::: RAW DATA :::

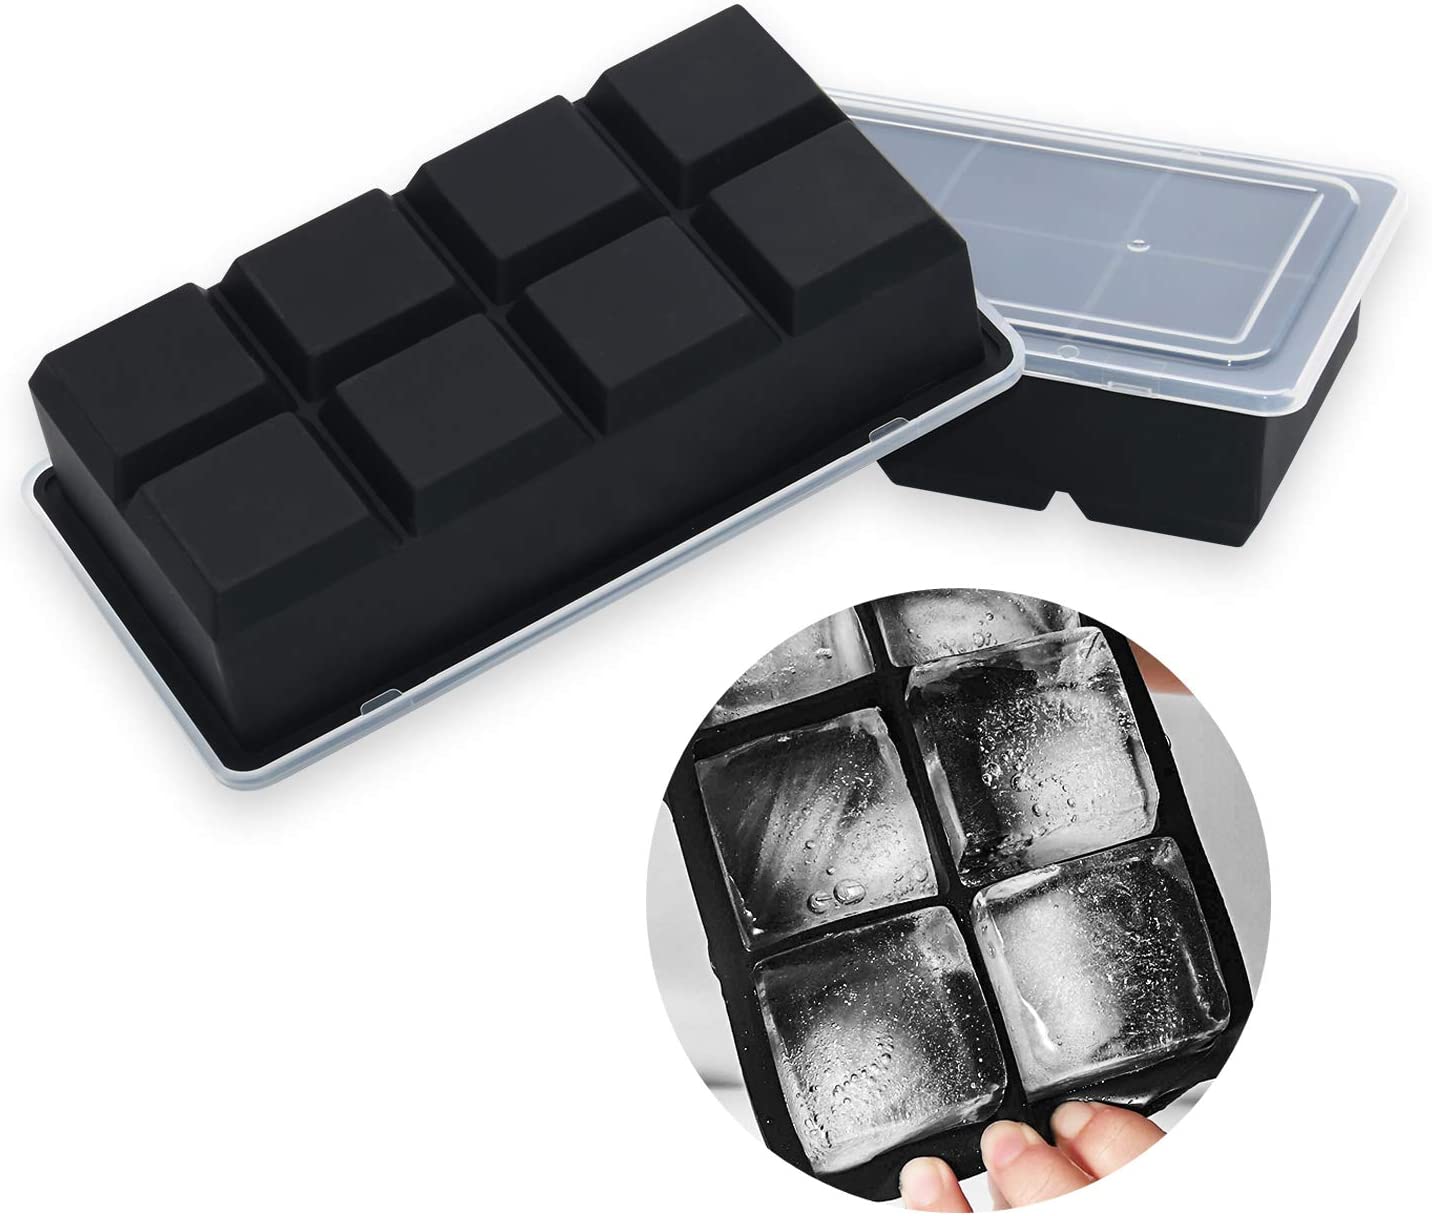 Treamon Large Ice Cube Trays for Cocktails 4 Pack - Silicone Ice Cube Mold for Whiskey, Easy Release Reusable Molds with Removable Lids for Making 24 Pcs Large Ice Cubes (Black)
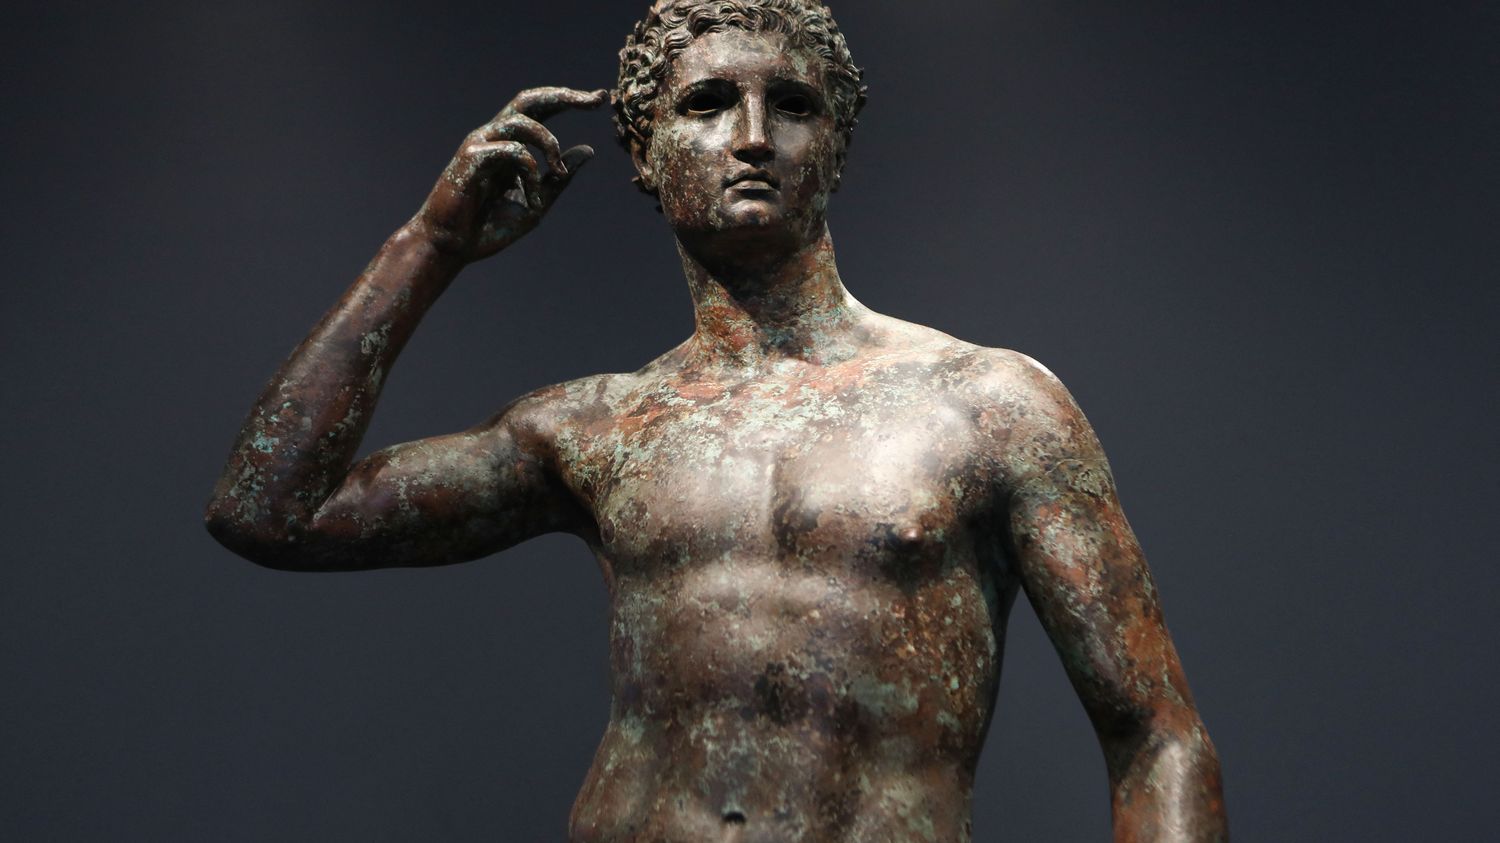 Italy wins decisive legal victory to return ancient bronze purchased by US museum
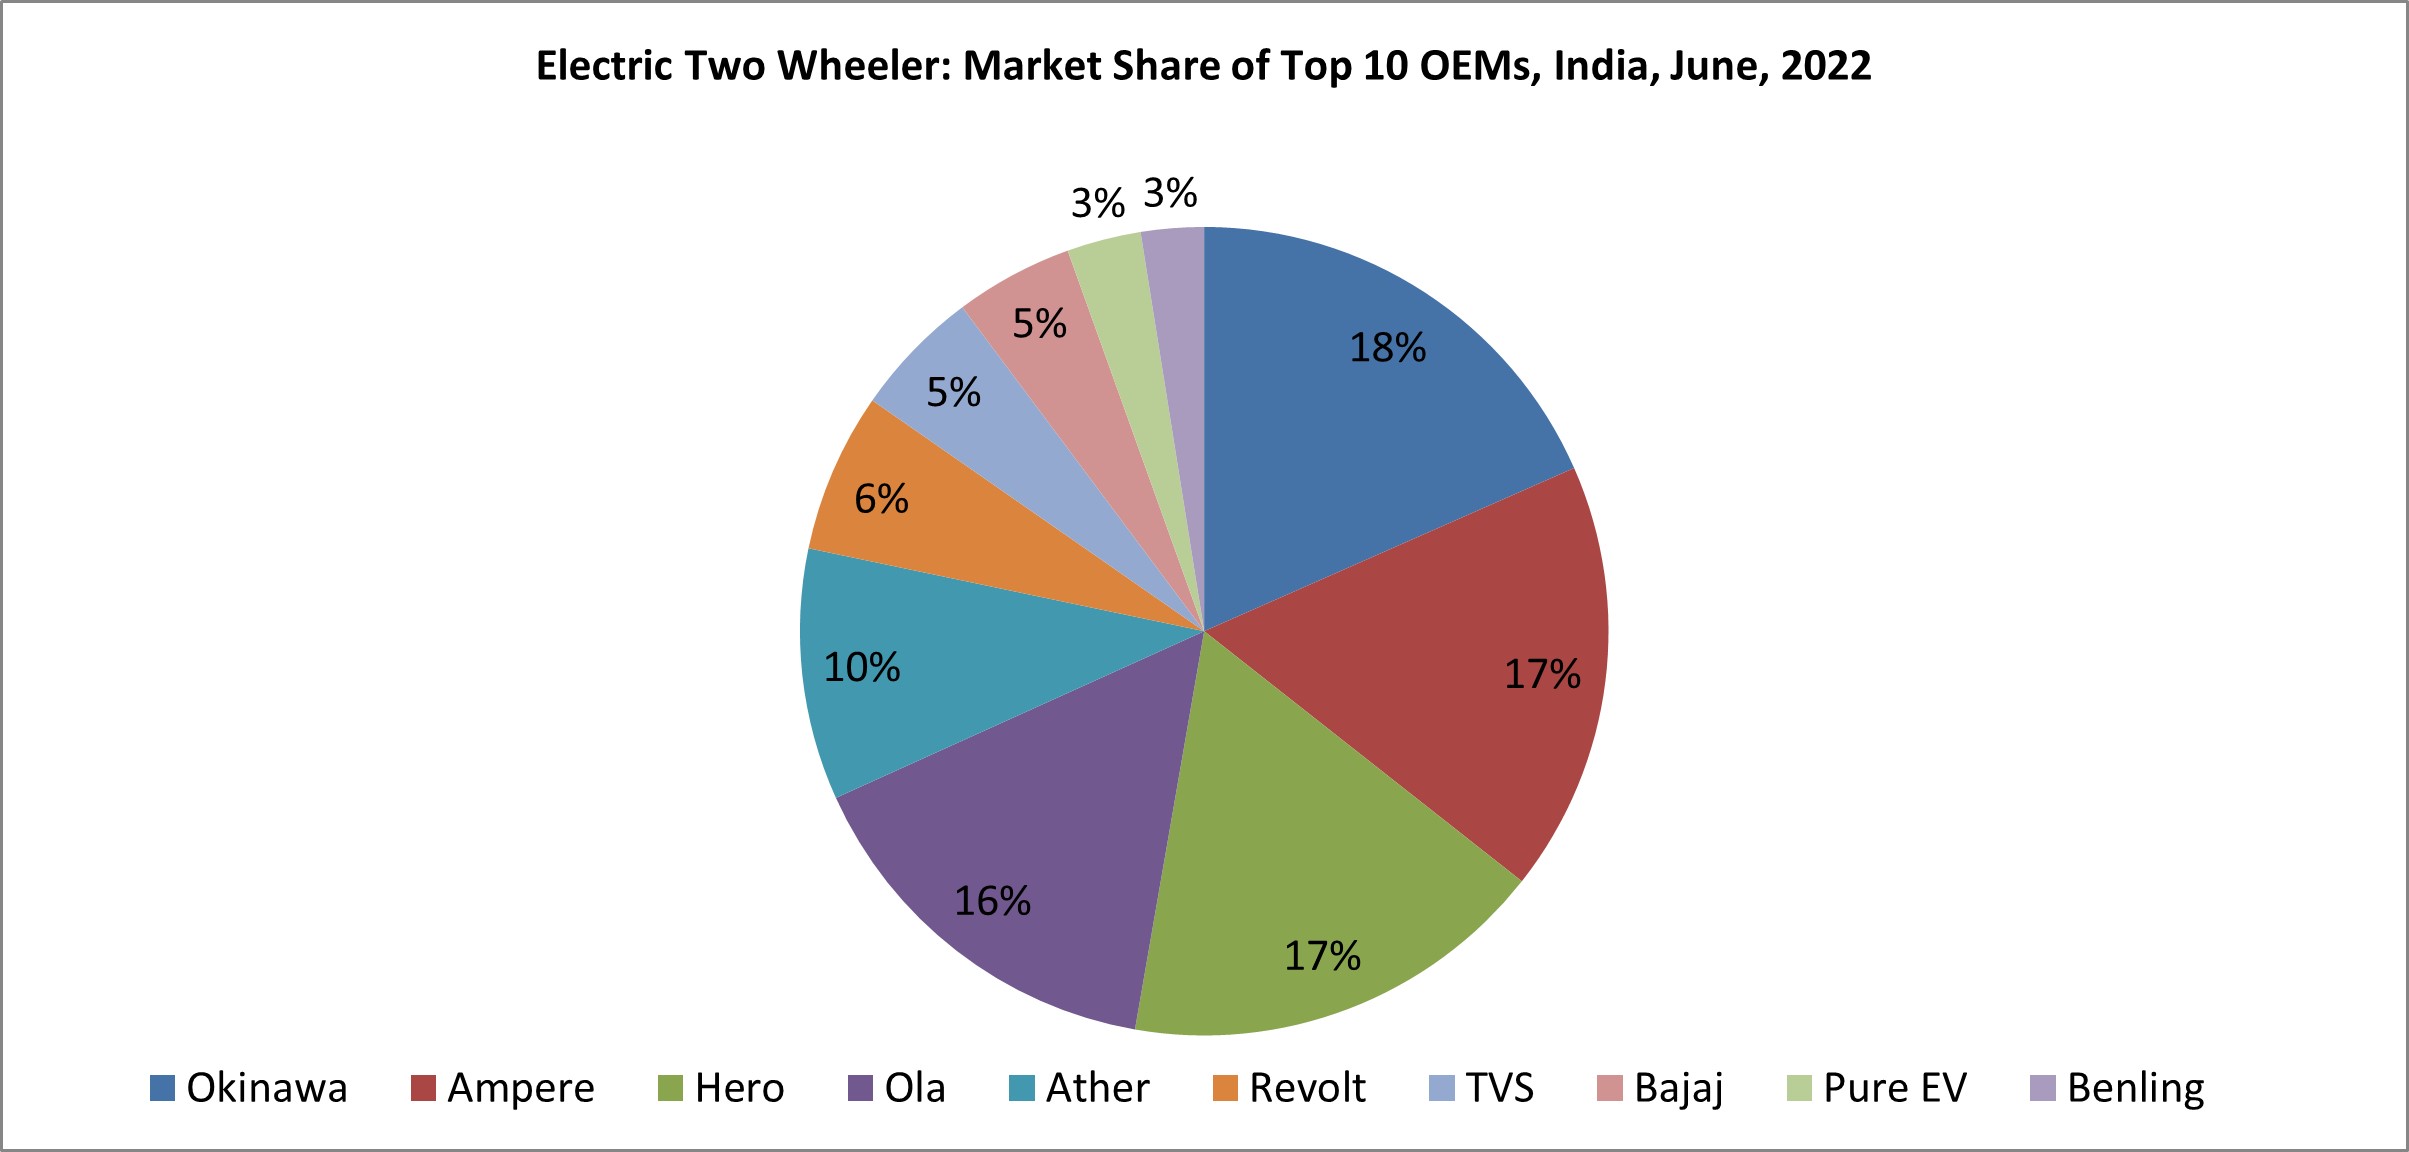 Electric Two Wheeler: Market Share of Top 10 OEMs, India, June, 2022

:::

ABOUT THIS EXERCISE:
Would you repeat each line of the listing exactly, skipping any picture?

COMPLETED TASK:
 Treamon Large Ice Cube Trays for Cocktails 4 Pack - Silicone Ice Cube Mold for Whiskey, Easy Release Reusable Molds with Removable Lids for Making 24 Pcs Large Ice Cubes (Black)
 Italy wins decisive legal victory to return ancient bronze purchased by US museum
 Electric Two Wheeler: Market Share of Top 10 OEMs, India, June, 2022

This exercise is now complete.